Pemulangan WNI Eks-IS Harus Mengacu pada UU Terorisme

Candra Yuri Nuralam | Politik dan Hukum
Pemulangan WNI Eks-IS Harus Mengacu pada UU Terorisme

MI/Susanto
Anggota DPR Fraksi PDI Perjuangan Masinton Pasaribu

 

PEMERINTAH diminta melirik undang-undang dalam isu pemulangan warga negara Indonesia (WNI) mantan anggota Islamic State (IS). WNI yang dipulangkan harus dihukum terlebih dahulu.

Anggota DPR dari Fraksi PDIP Masinton Pasaribu mengatakan setidaknya harus ada dua kategori hukum untuk WNI eks-IS tersebut.

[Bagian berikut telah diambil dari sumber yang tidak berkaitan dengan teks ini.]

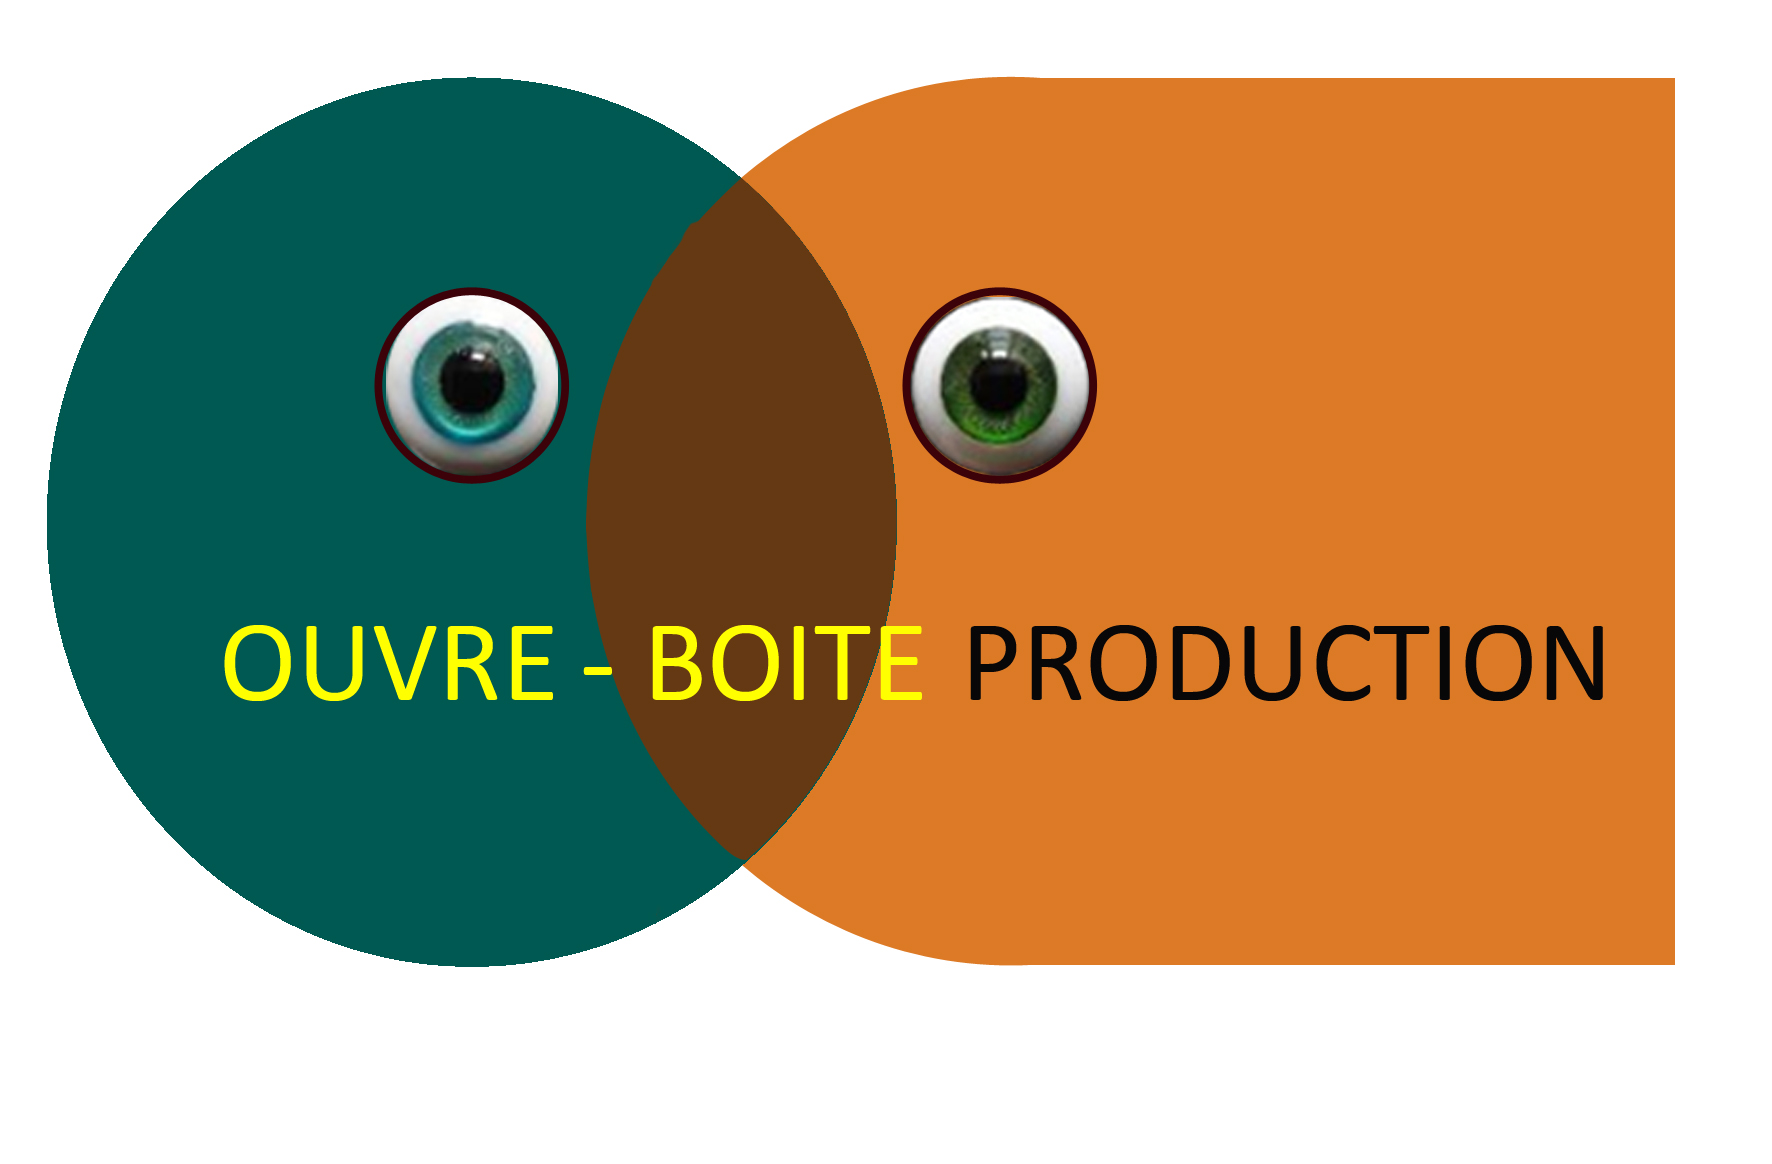 Ouvre-Boite Production

Menurut dia, untuk orang yang hanya sebagai anggota yang belum ikut pelatihan teroris bisa dikenakan Pasal 12 huruf a undang-undang pemberantasan tindak pidana terorisme.

"Di situ tertulis setiap orang yang dengan sengaja menjadi anggota atau merekrut orang untuk menjadi anggota korporasi yang ditetapkan pengadilan sebagai organisasi terorisme dipidana paling singkat dua tahun dan paling lama tujuh tahun," kata Masinton, Minggu (9/2).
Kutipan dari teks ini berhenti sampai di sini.